OTU numbering

I’m not sure if this is a bug, a feature, or a user error, so let’s see what you think:

Previously, when we were dealing with 454 data and using the 454 SOP, the end result included shared & taxonomy files where the OTU numbering corresponded with the size of the OTU (as in, number of reads in that OTU): Otu0001 was the largest, Otu0002 was the second large etc.

Now, we’ve switched to MiSeq data and the MiSeq SOP, with cluster.split instead of cluster, and the OTU numbering in the final files doesn’t go according to size anymore. It often seems quite random - I’m just looking at a dataset where the 7th largest Otu is Otu00099. Is this a feature that we’ll just have to learn to live with, or is it more likely that we’re doing something wrong that causes this?

*Edited to add and change: I’ve just run a smaller MiSeq dataset actually using cluster and not cluster.split, and the same thing happened: numbering is not according to size anymore, and I’m pretty sure it used to be. What gives?

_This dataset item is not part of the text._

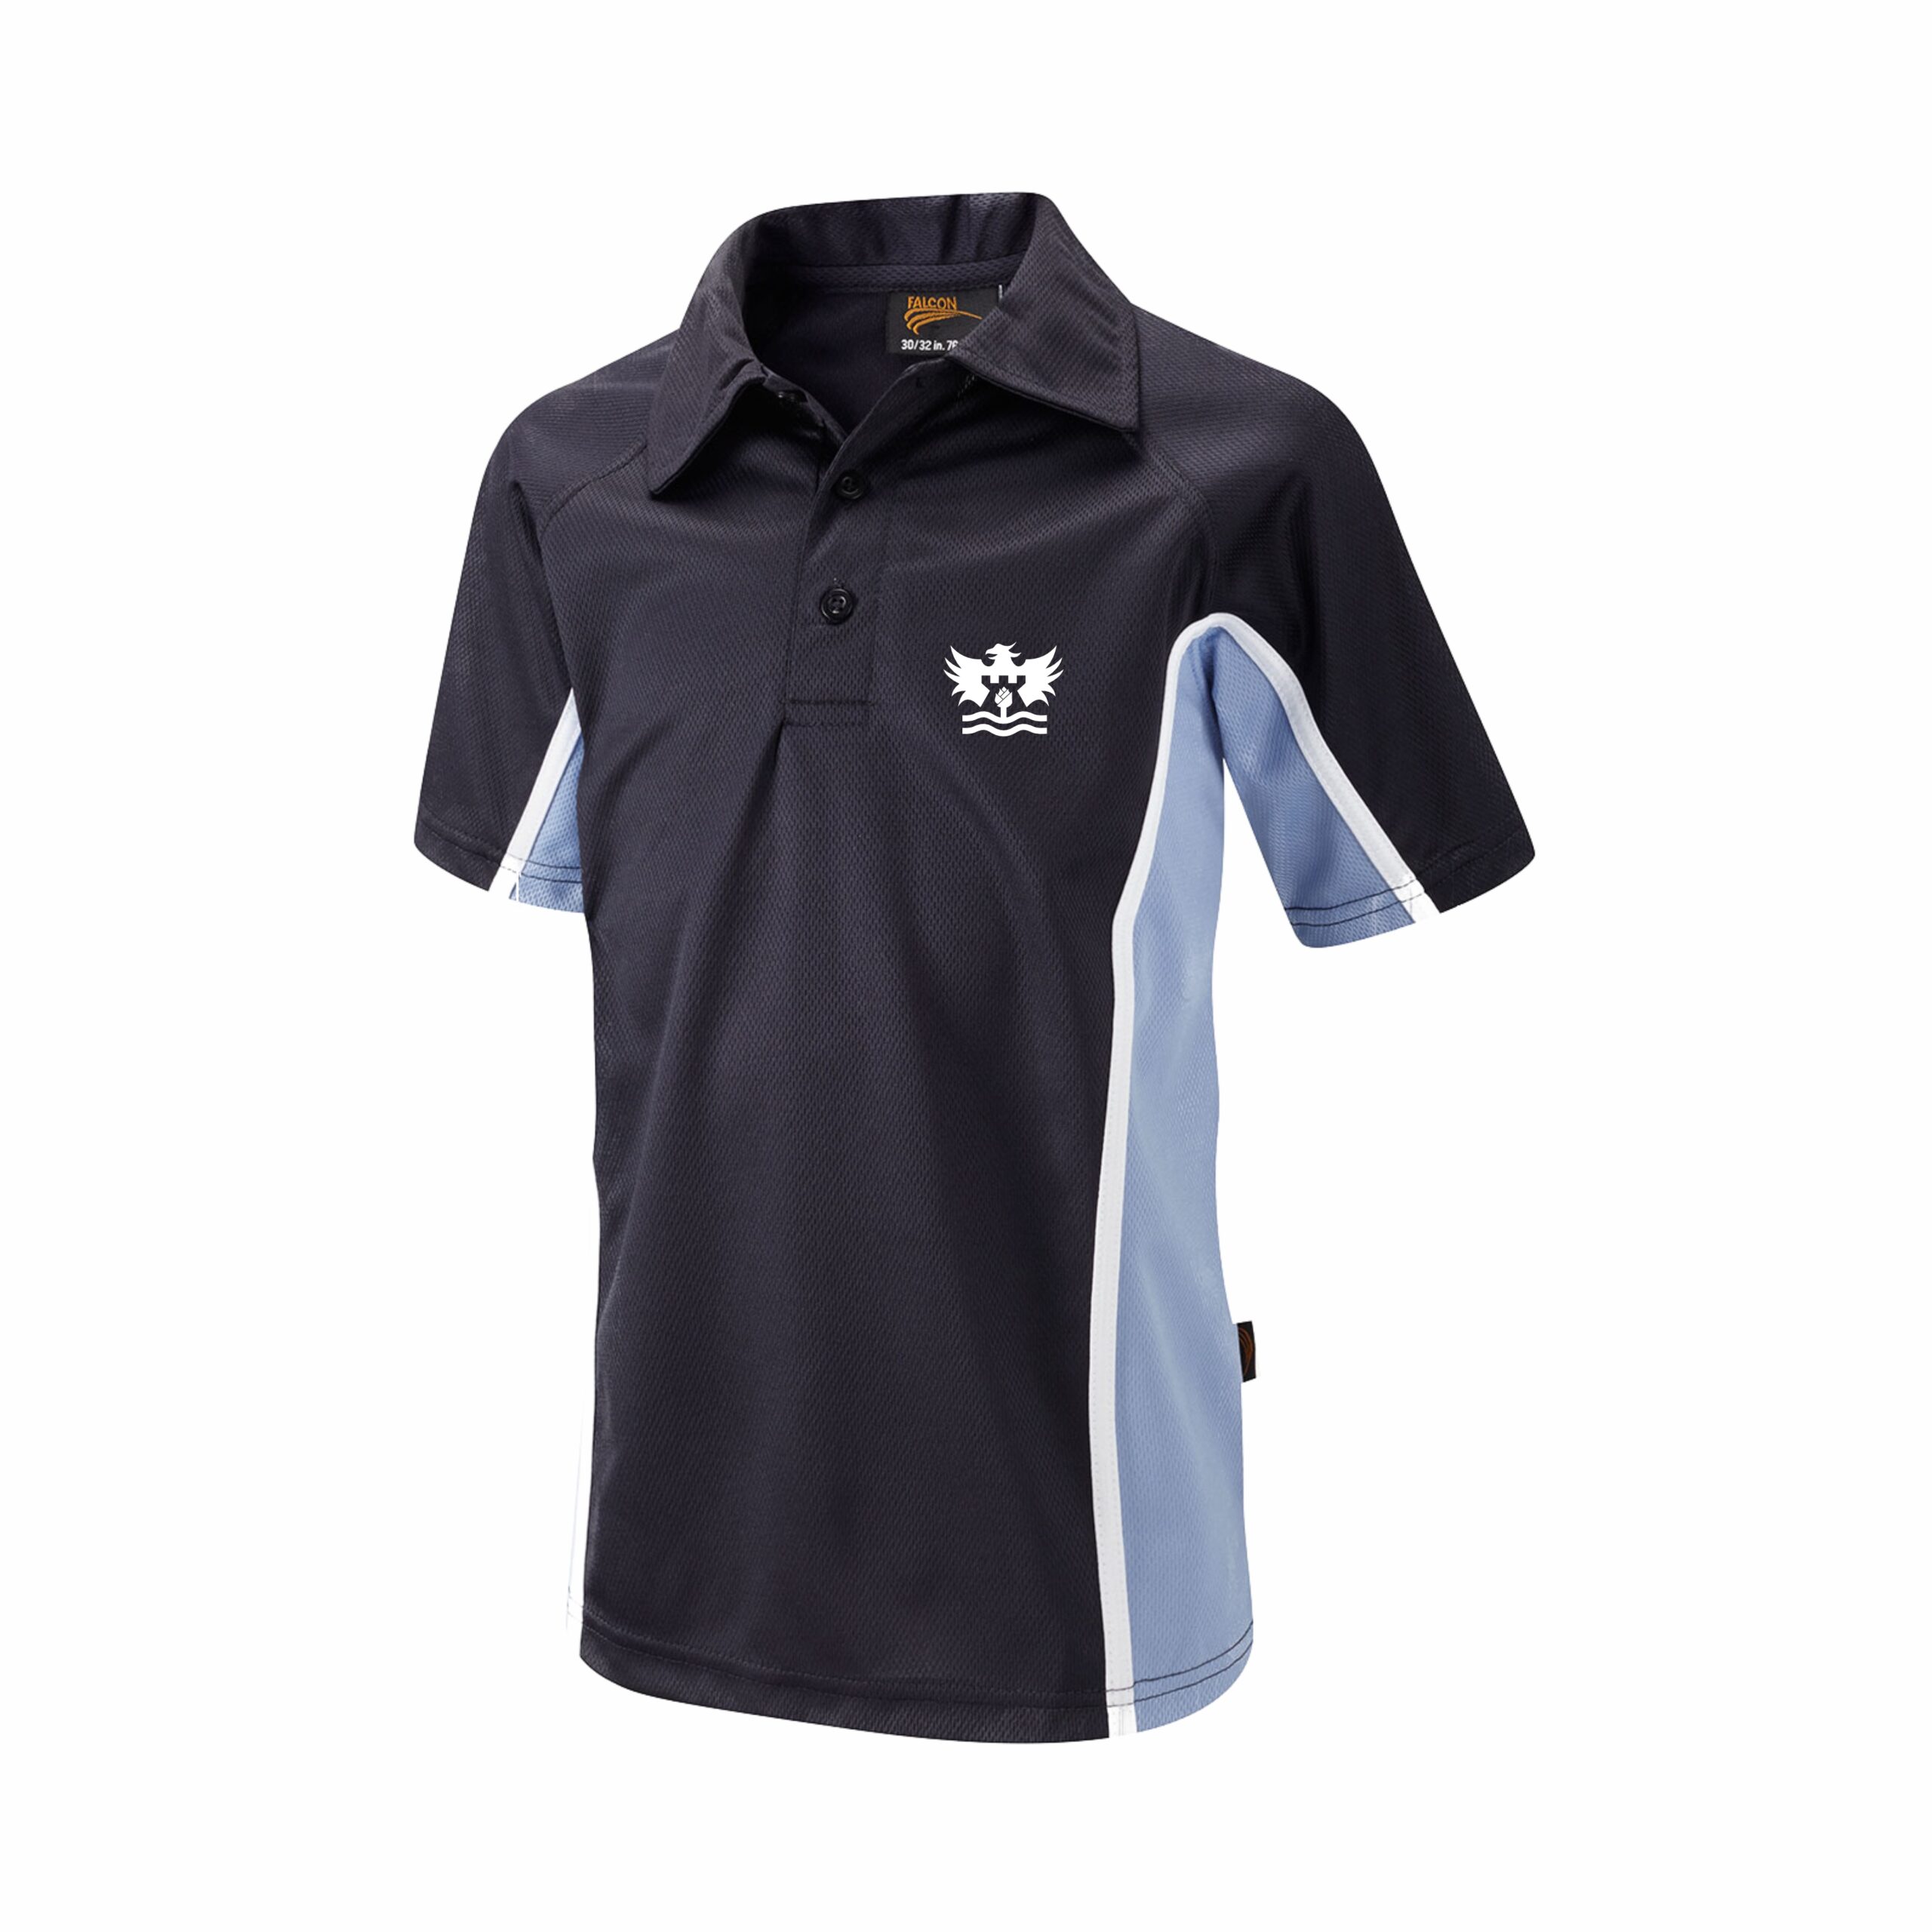 Unisex Sports Polo CDCC

What version of mothur are you using?

For these analyses, 1.33.3.

(I’ll be switching to the latest one for the next things that I do.)

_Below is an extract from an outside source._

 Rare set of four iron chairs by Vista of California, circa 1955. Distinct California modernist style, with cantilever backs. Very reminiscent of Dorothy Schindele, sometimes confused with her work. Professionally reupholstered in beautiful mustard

Yeah, this was fixed a couple of versions ago. Regardless, update and you should be fine. Also, this isn’t a “bug”, it’s all cosmetic.

Thanks for the answer & sorry for wasting your time - I didn’t realize this was a known thing that had already been dealt with.

Hello again,

I’ve just done a rerun of one of my analyses with mothur 1.34.2 and I’m still seeing the same thing in the results. Otu00001 has 585529 reads, Otu00002 has 959199, and so on. It’s definitely not a huge issue and I can easily fix it myself by just giving new numbers to my OTUs. It’s just strange to me that they used to be in size-order and they don’t seem to be anymore.

Regards,
Velma

Could you post the commands you are running in mothur?

Hi,

For the whole workflow? Ok, here it is. I’ve run this with both mothur 1.33.3. and 1.34.2, on our lab cluster, with 20 processors both times. The data is V1-V3, MiSeq. We often have more than one sequencing run which we combine, which was also the case here.

-Before mothur, I ran the data through cutadapt for primer removal & quality control.

-For each run separately:

make.contigs(file=file.files, processors=20)

screen.seqs(fasta=file.trim.contigs.fasta, group=file.contigs.groups, maxambig=0, maxlength=550)

unique.seqs(fasta=file.trim.contigs.good.fasta)

align.seqs(reference=silva.nr_v119.align, fasta=file.trim.contigs.good.unique.fasta)

(I just came to realize from talking with a colleague that there’s actually no reason to do this like I did here and start with separate file lists - he’s just handing mothur the whole list of all fastq files from different runs to start with and running it like that. Still, he’s also seeing the thing with the OTU numbering so this shouldn’t be the reason for it.)

-Concatenate .names, .align and .groups files from each run with cat for the rest of the workflow

-With combined files:

count.seqs(name=combined_files.names, group=combined_files.groups)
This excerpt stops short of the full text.